Contribution by Yahyah Pandor, Vice President & General Manager– Middle East. North Africa and Turkey, Blue Yonder

Grocery retailers in the UAE are under mounting pressure to manage tighter inventory turnover, reduce waste and handle time-sensitive products – all against the backdrop of stringent local regulations like Nema (National Food Waste and Loss Initiative) to cut waste by 50% by 2030.
If that was not challenging enough, consumer expectations around freshness, sustainability and transparency continue to rise. For grocers, these factors are converging into a critical operational challenge of figuring out how to deliver quality products and effective compliance without compromising business efficiency.
In practical terms, high-profile food recalls, Abu Dhabi’s Food Loss & Waste Strategy, and global reforms like FSMA 204 and the EU Deforestation Regulation have placed real-time product visibility under a spotlight locally. Grocers are expected to know where products come from and prove it to consumers and regulators alike.

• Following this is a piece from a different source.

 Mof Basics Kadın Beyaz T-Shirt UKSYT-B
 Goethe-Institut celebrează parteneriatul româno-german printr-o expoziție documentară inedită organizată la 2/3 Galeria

Supply chains were once built for cost efficiency based on lean operations, predictable cycles and minimal waste. That focus remains essential, but it’s no longer enough. This is especially true in the UAE, where food is 85–90% imported, leaving grocers exposed to global volatility. Traceability and real-time visibility into where products are, what condition they’re in, and how quickly they’re moving through the supply chain are now emerging as strategic differentiators.
What makes traceability a real competitive edge in the Emirates?
Tackling food waste: The UAE discards 3.27mn tonnes of food annually, costing around US$ 3.5bn. With shelf-life tracking, retailers can prioritise older stock, offer dynamic discounts, and rescue surplus before expiry.
Meeting consumer price pressure: 82% of UAE shoppers are concerned about rising grocery bills with almost half blaming global tariffs and supply costs. Real-time logistics insight helps retailers optimise procurement, reduce disruptions, and keep operations cost-efficient.
Supporting rapid recall response: A unified digital view across suppliers and logistics partners lets grocers isolate affected batches, not entire product lines, protecting both shoppers and brand reputation.
Delivering on traceability
For many UAE grocers, traceability capabilities aren’t yet in place. Fragmented systems and disconnected data limit visibility. Meanwhile, Abu Dhabi and Dubai are pushing food-waste legislation, mandating real-time waste reporting and donation agreements in large supermarkets.
By contrast, a UAE-wide connected ecosystem – linking retailers, farms, logistics, and regulators – enables real-time visibility and faster action. Whether it’s a sudden shipment delay or a Ramadan demand spike, the network can respond in sync.
That shift requires moving from isolated updates to a shared digital environment. All participants operate with a common view of inventory, capacity and expiry status, allowing for faster, coordinated decisions.
UAE regulators and industry bodies are encouraging AI-powered platforms to monitor stock freshness, detect shelf-life risks, and trigger donation or dynamic pricing alerts. These tools also support national strategies like the UAE Food Security Strategy, which aims for 50% domestic production by 2051
Future-ready retailers
What sets future-ready UAE grocers apart is their ability to act on insights in real time. Instead of reacting to problems, they proactively adjust replenishment, reduce waste, and align with evolving consumer expectations and regulatory demands.
Traceability in UAE grocery doesn’t just support compliance. It drives smarter operations, better supplier collaboration, and higher consumer trust in sourcing and sustainability. That not only protects brand reputation but creates a lasting competitive edge in a high-stakes market.
Ultimately, traceability in UAE grocery supply chains unlocks more than recalls and fresher produce. It enables smarter replenishment, better alignment with government food-security targets, enhanced collaboration across local and global suppliers, and higher consumer confidence in sourcing and sustainability. That not only protects brand reputation but also creates a meaningful point of competitive difference in a high-stakes market environment.